There is also the issue of confusables, e.g. A (U+0041 LATIN CAPITAL LETTER A), Α (U+0391 GREEK CAPITAL LETTER ALPHA), and А (U+0410 CYRILLIC CAPITAL LETTER A) which might even have a security impact.
Comment 5 Arfrever Frehtes Taifersar Arahesis 2022-10-09 15:55:12 UTC
There are known problems with non-UTF-8 filenames (e.g. bug #690480), but UTF-8 ASCII-outside filenames should work well.
I am against anglocentric assumption that only 26+26 letters can be used.

If you want to type filename, use tab completion, or 'ls' and copy+paste.
Comment 6 Arfrever Frehtes Taifersar Arahesis 2022-10-09 16:19:14 UTC
Portage could detect situation when 2 different installed filenames are identical after NFD normalization and print warning/error.
(Linux handles filenames as bytes, not Unicode characters. If there is no involvement of Linux-foreign filesystems or communication with other operating systems, the only problem for users is visual confusion.)


(New check obviously would not make "Főtanúsítvány" anyhow invalid.)
Comment 7 Mike Gilbert gentoo-dev 2022-10-09 17:42:21 UTC
Regarding ca-certificates:

Nobody actually types these file names, so that argument makes no sense to me.

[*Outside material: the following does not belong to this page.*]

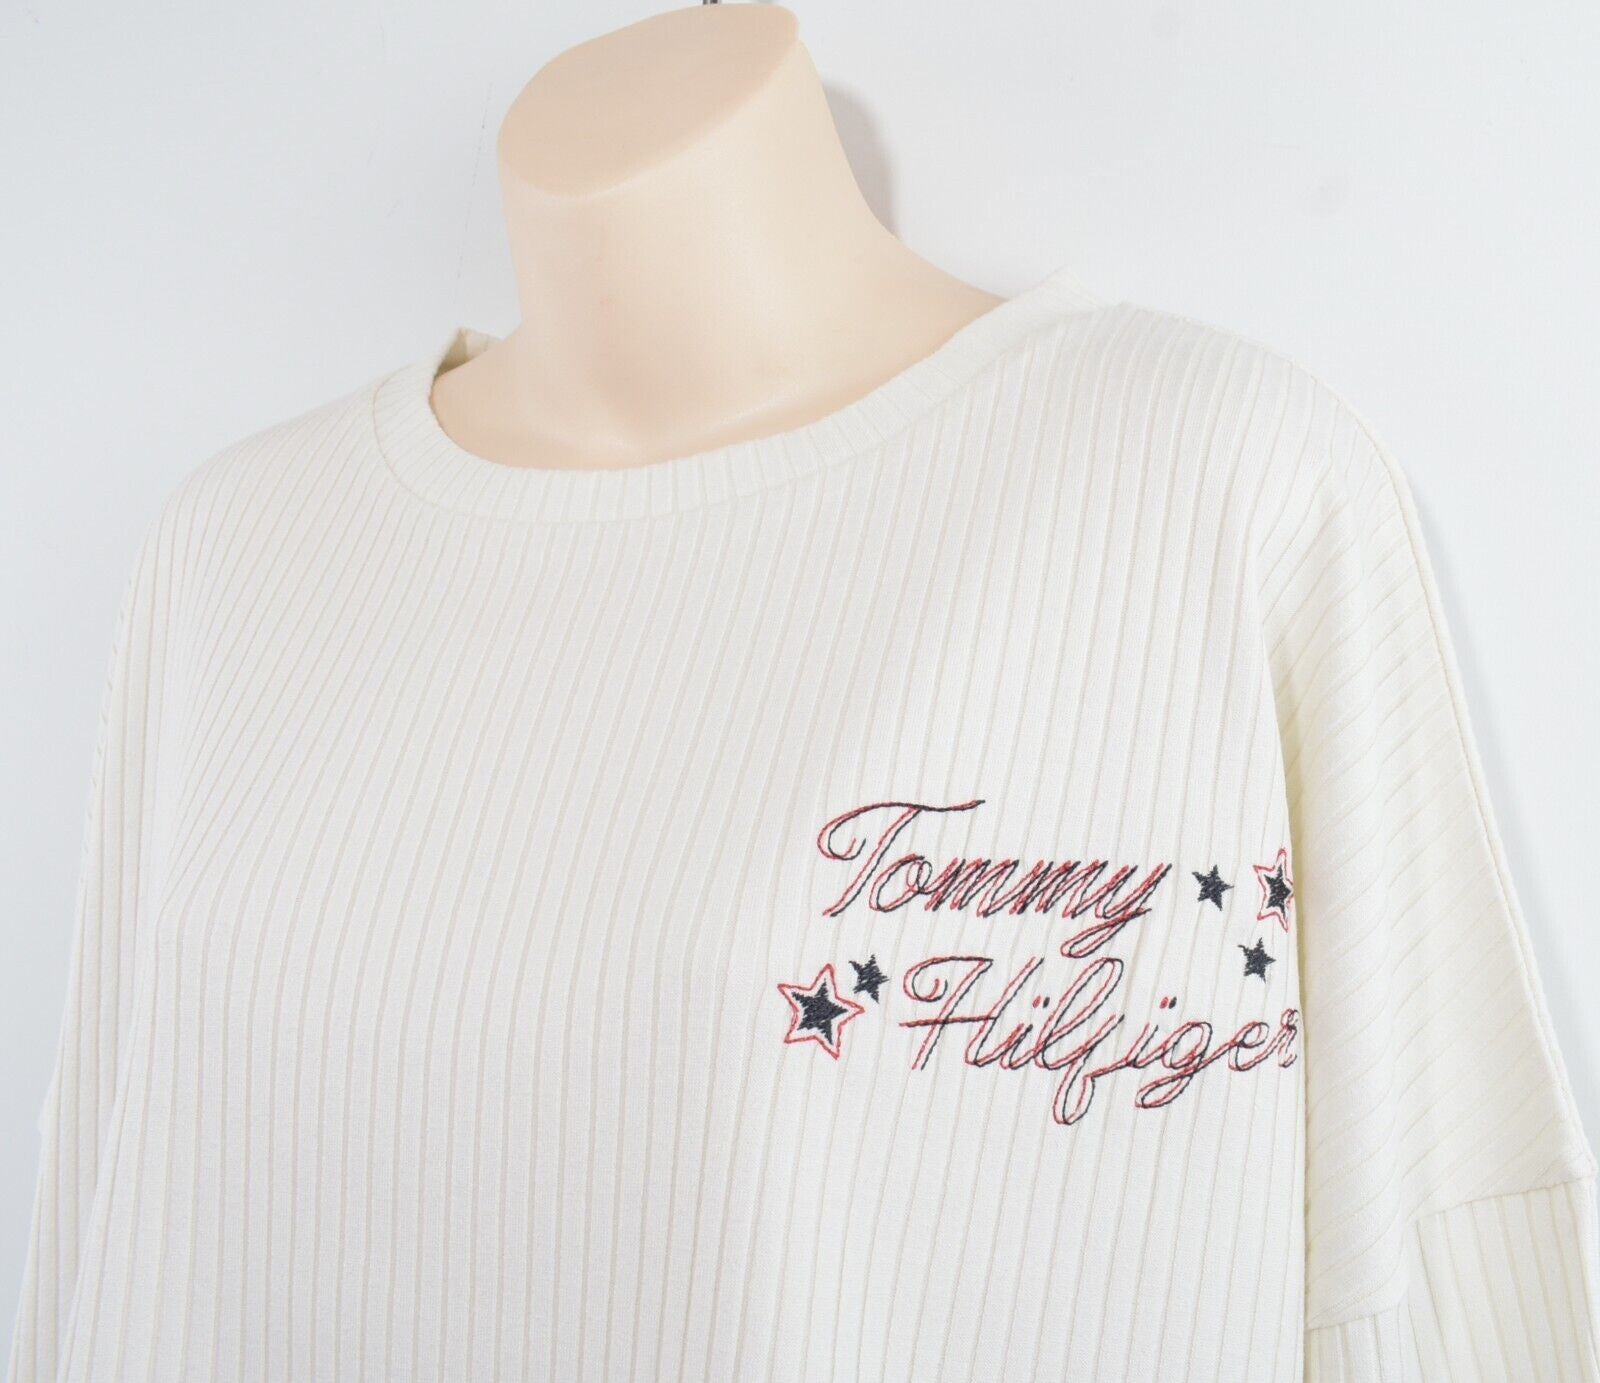 TOMMY HILFIGER Women's Girls' Long Sleeve Ribbed Cropped Top, Ivory, size S

I could see making that argument for config files that the sysadmin commonly has some need to edit. However, I haven't seen any examples of config files with foreign characters in the filename.

Regarding installed files in general:

I don't think it is practical to limit the character set to some subset of printable ASCII. That will just lead to conflicts with upstream developers, and we will probably end up patching things downstream. It seems rather pointless to do this for filenames that people rarely look at or type out anyway.

In the rare case that somebody actually needs to manipulate files with characters that they can't type, shells offer tab-completion and terminals offer copy/paste functions.
Comment 8 Ulrich Müller gentoo-dev 2022-10-11 18:43:07 UTC
Debian's policy is this: https://www.debian.org/doc/debian-policy/ch-files.html#file-names

In a nutshell, they require ASCII-only for binaries in PATH but UTF-8 elsewhere. I'd guess that their motivation is similar, i.e. names are restricted to ASCII if the user must type them.
Comment 9 Enrique Domínguez 2023-11-18 02:15:13 UTC
(In reply to Mike Gilbert from comment #7)
> Regarding ca-certificates:
> 
> Nobody actually types these file names, so that argument makes no sense to
> me.

ca-certicates package fails build with another locale different than utf8 one, see https://bugs.gentoo.org/show_bug.cgi?id=916504
I dug a little more and libxcb bug was reported too upstream. Like to see its a  known bug since 2022. Any point making trouble to other users?
Like to see you here too, Sam!
Jonas+1
Comment 10 Mike Gilbert gentoo-dev 2023-12-11 16:28:05 UTC
(In reply to Enrique Domínguez from comment #9)

The solution we usually implement for such problems is to force UTF-8 encoding for installed file names.